# Hodgson Bass Tournament August 19



## live4fishn (Feb 27, 2012)

Just called the office at Hodgson, there is a tournament on Sunday August 19. 7am-1pm $10 entry fee with an optional $5 big bass pot. Lets see how many people we can get to show up.


----------



## Rmelz (May 24, 2011)

Does the $10 include the launching fee, and fishing fee?


----------



## live4fishn (Feb 27, 2012)

The tournament is not being sponsored by the office. So, the entry fee does not cover a boat rental.


----------



## live4fishn (Feb 27, 2012)

or launching and fishing fees


----------



## ladster3 (Aug 9, 2012)

Any where I can get more info on this tourney 1 or 2 man etc.


----------



## live4fishn (Feb 27, 2012)

You can call the office with questions. I did not ask if it was single or two man teams. I'm hoping for two man team. I may call tomorrow to find out.


----------



## PBASS (Jun 13, 2012)

It is my Tournament.

1 or 2 people per boat.. 

DO NOT CALL THE OFFICE ABOUT THE TOURNAMENT... 
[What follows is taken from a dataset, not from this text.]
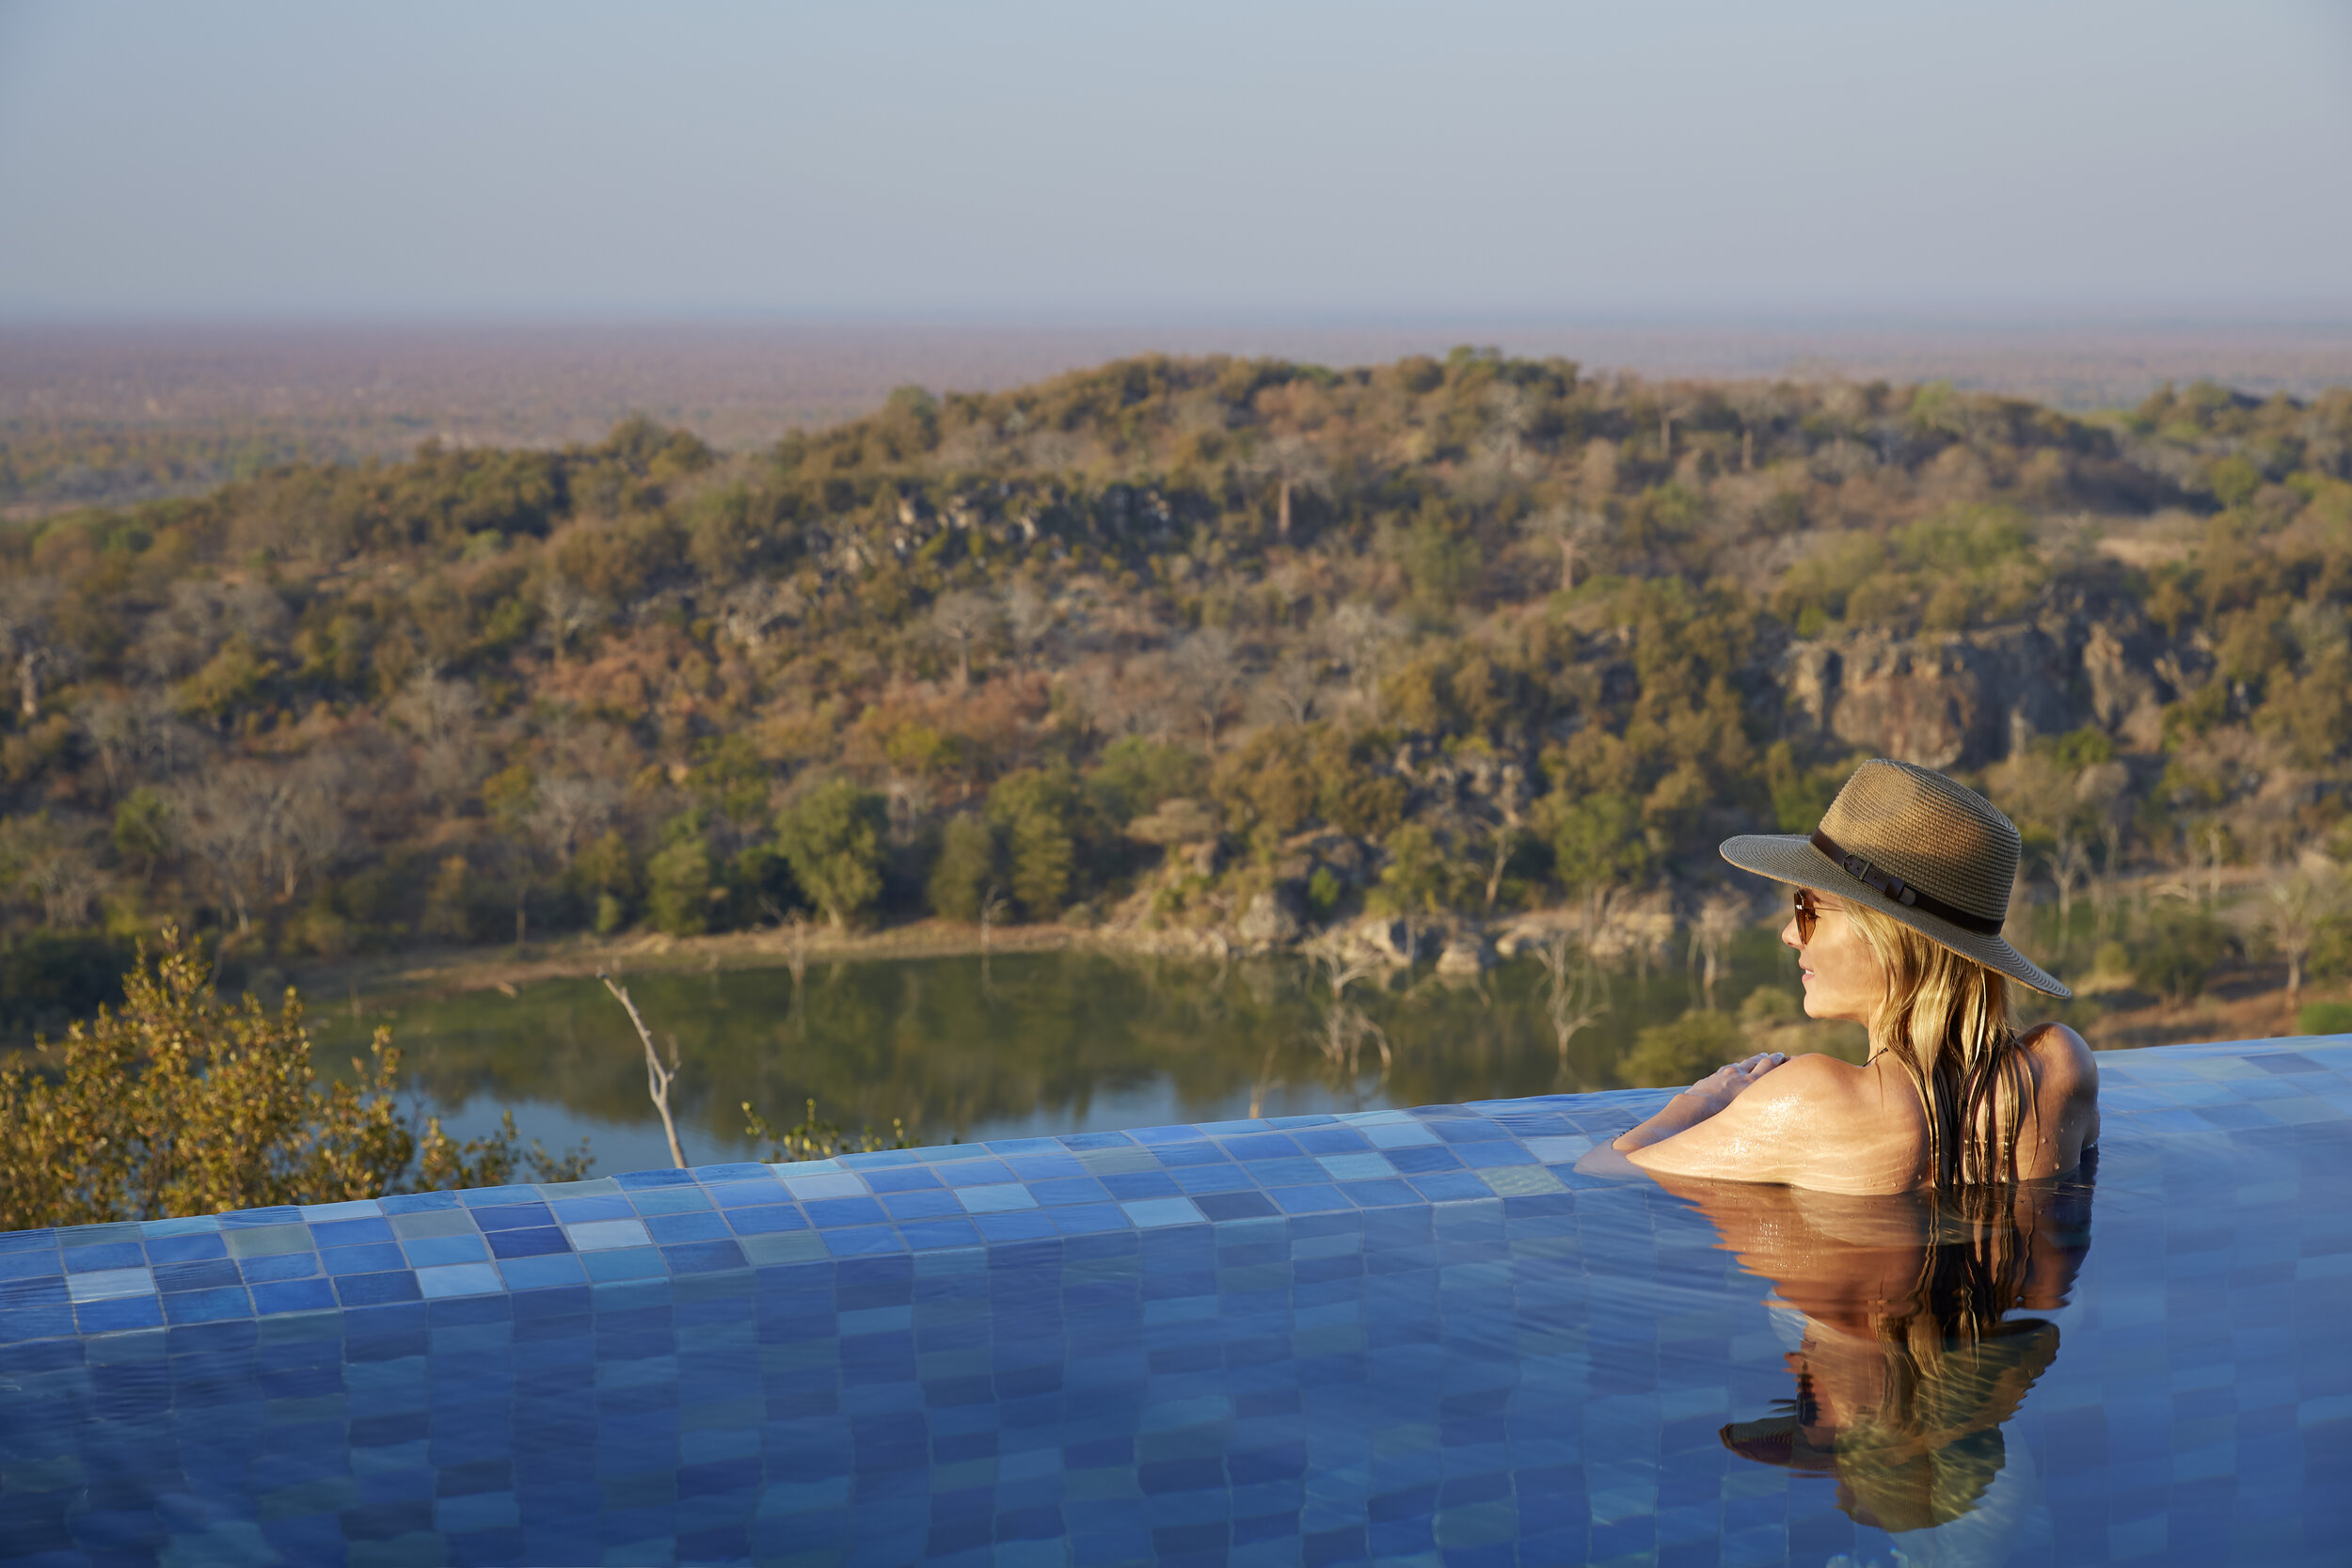 singita_malilangwe_house_-_pool_with_a_view.jpg

IF IT IS A HASSLE FOR THE OFFICE, THEY MAY NOT LET THIS CONTINUE!!!!

*Anyone interested can PM me. And i will provide info.*


----------



## Rmelz (May 24, 2011)

PBASS said:


> It is my Tournament.
> 
> 1 or 2 people per boat..
> 
> ...


I thnk it's good that your hosting it, but if you don't want the office bothered maybe next time you should put your phone number on the flyer.


----------



## PBASS (Jun 13, 2012)

I guess next time I will do that. I put a copy of the rules with the Flyer in the office... So anyone who was "at" the lake would see it.

But I will put my number on the next one.
Thanks


----------



## legendaryyaj (Nov 1, 2005)

Results? 

I would have fished but ended up having to cover a shift.


----------



## PBASS (Jun 13, 2012)

Over 9lbs won 
Over 6lbs for 2nd
A little over 4lbs. took 3rd.

Big Bass was over 4lbs 


( I can't remember the exact weights..)


----------